### [WORK INSTRUCTIONS]
Transcribe the data that follows in full. Leave out the pictures.
[DATASET CONTENT — start]
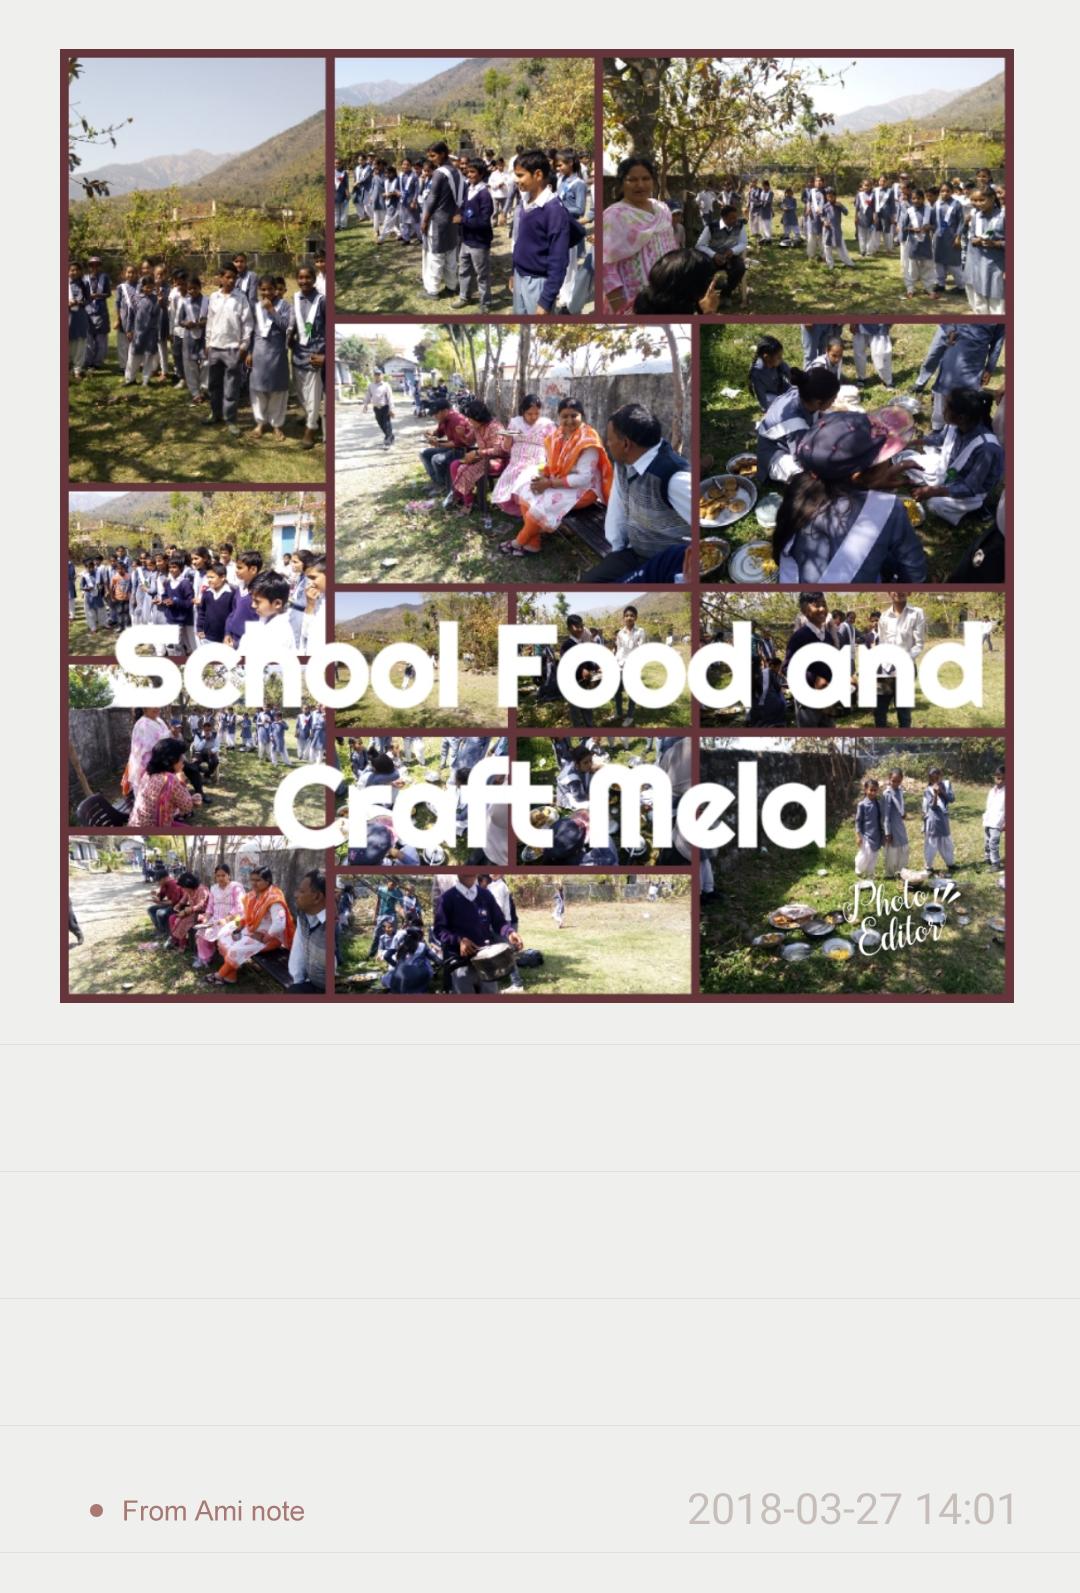 GIC MISRAS DEHRADUN: FOOD AND CRAFT MELA IN JUNIOR SCHOOL
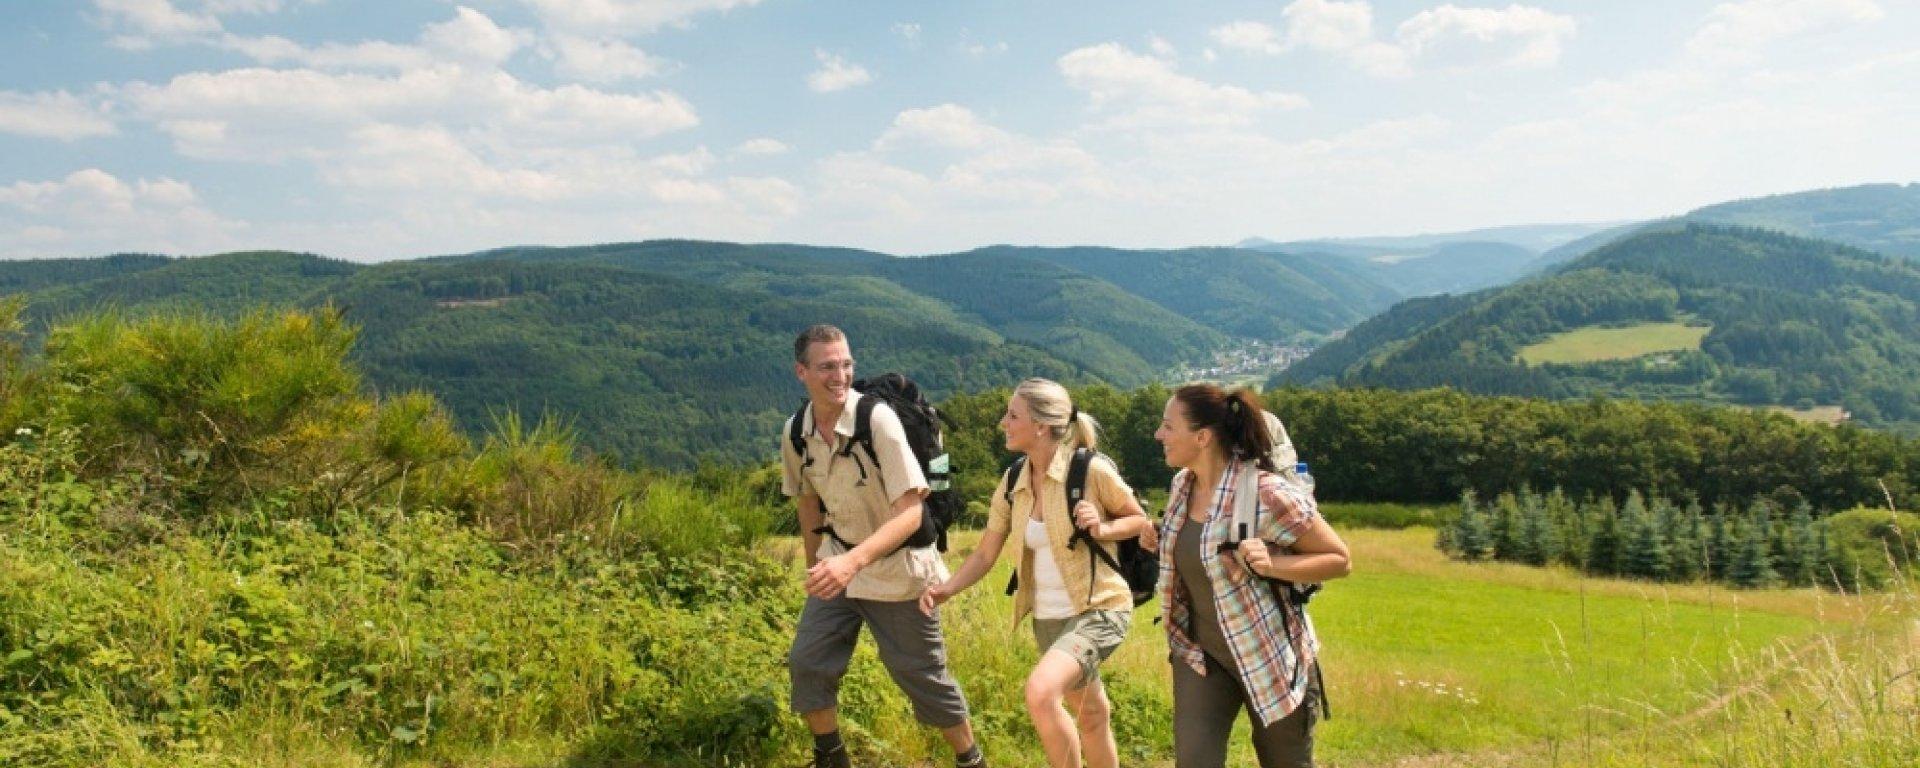 Wanderfreude, 7 Nächte
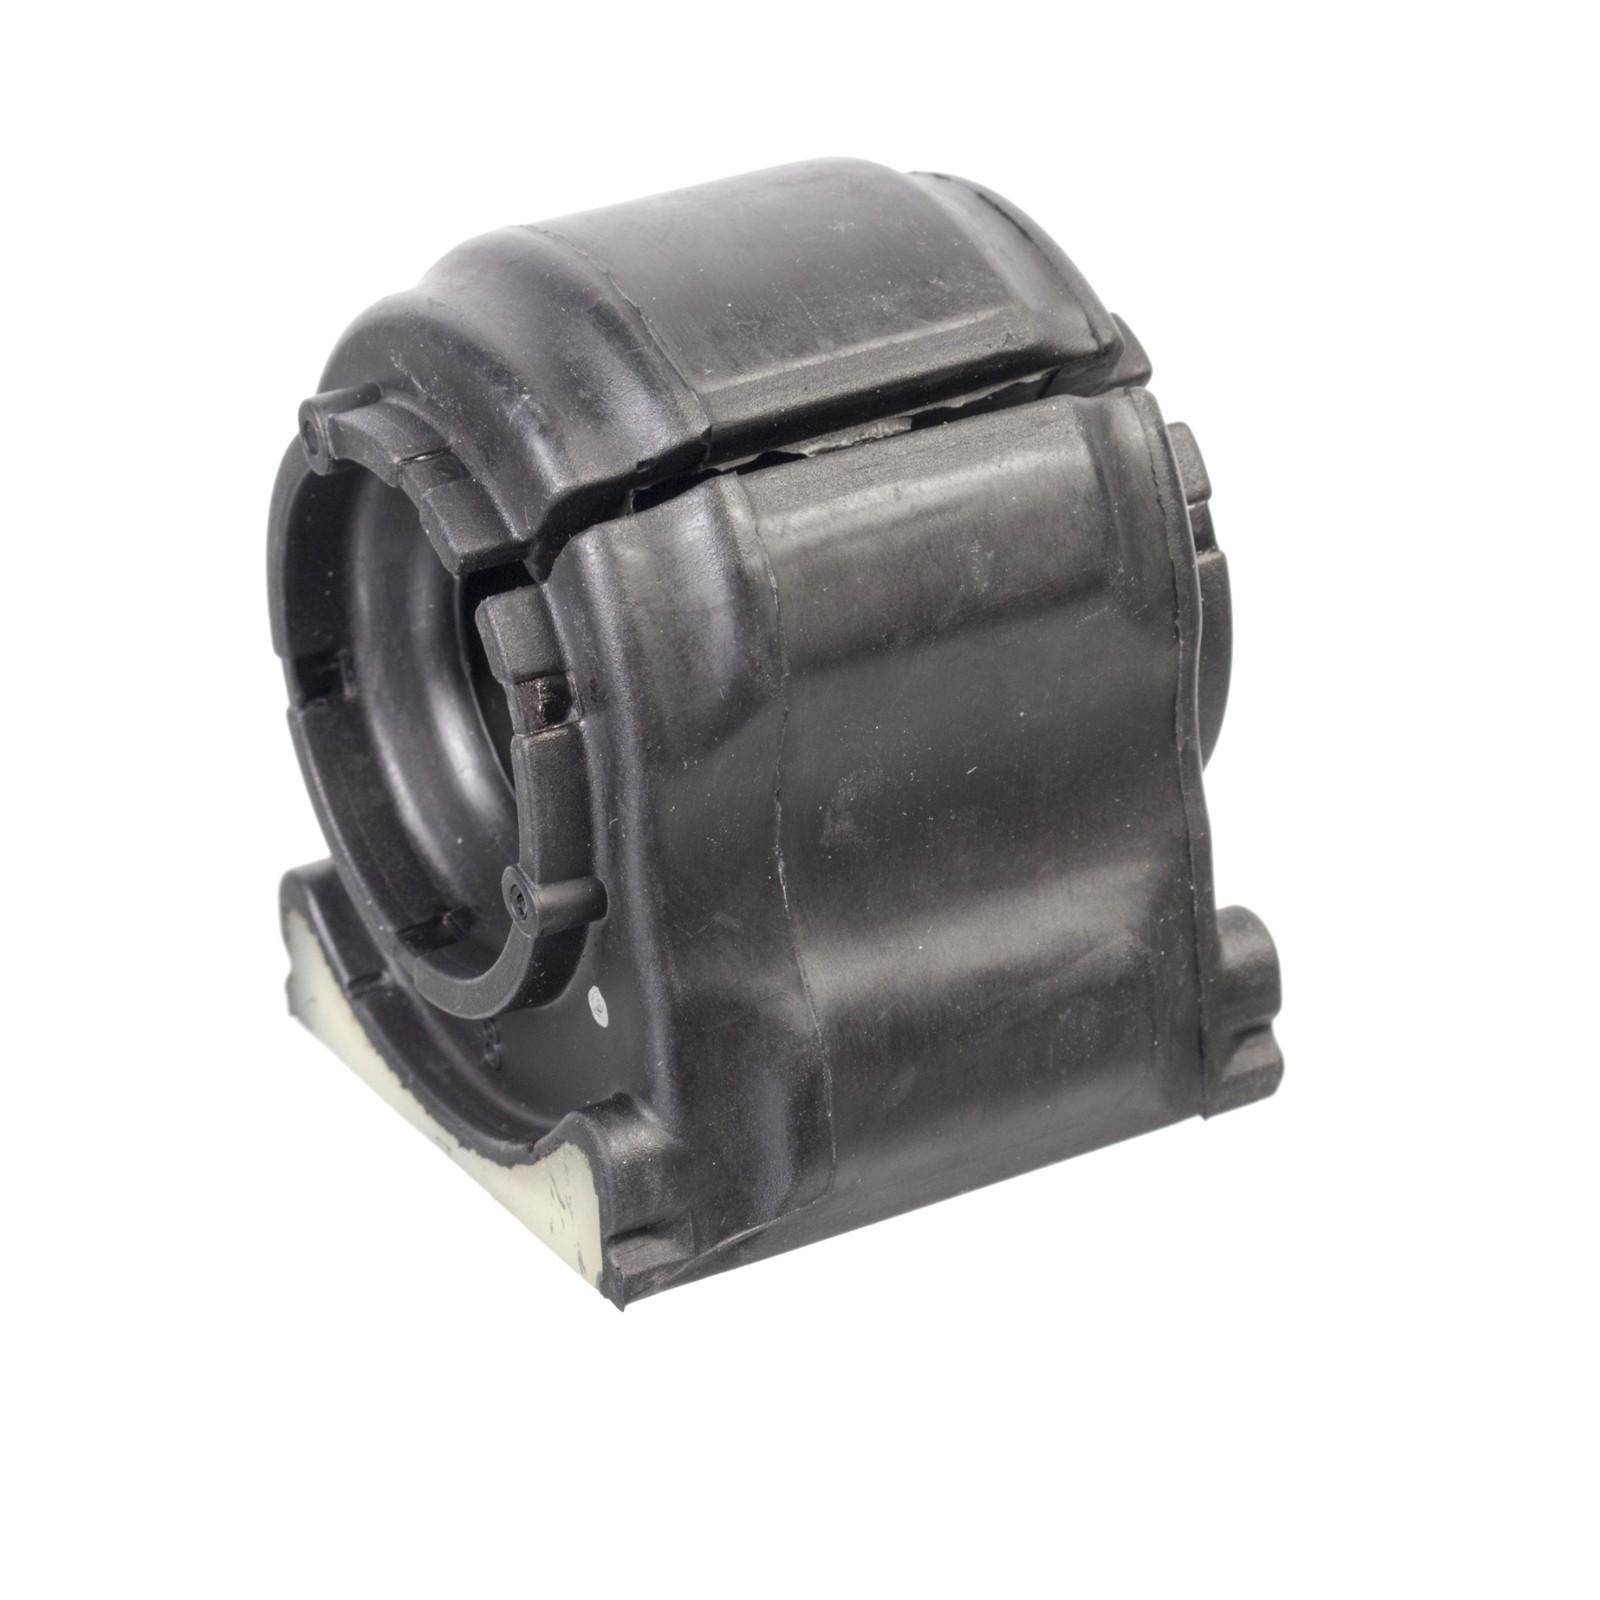 2x FEBI 108043 Stabilisatorlager MERCEDES Sprinter (906) hinten 9063262381
[DATASET CONTENT — finish]
### [RESPONSE FOR THIS EXERCISE]
 GIC MISRAS DEHRADUN: FOOD AND CRAFT MELA IN JUNIOR SCHOOL
 Wanderfreude, 7 Nächte
 2x FEBI 108043 Stabilisatorlager MERCEDES Sprinter (906) hinten 9063262381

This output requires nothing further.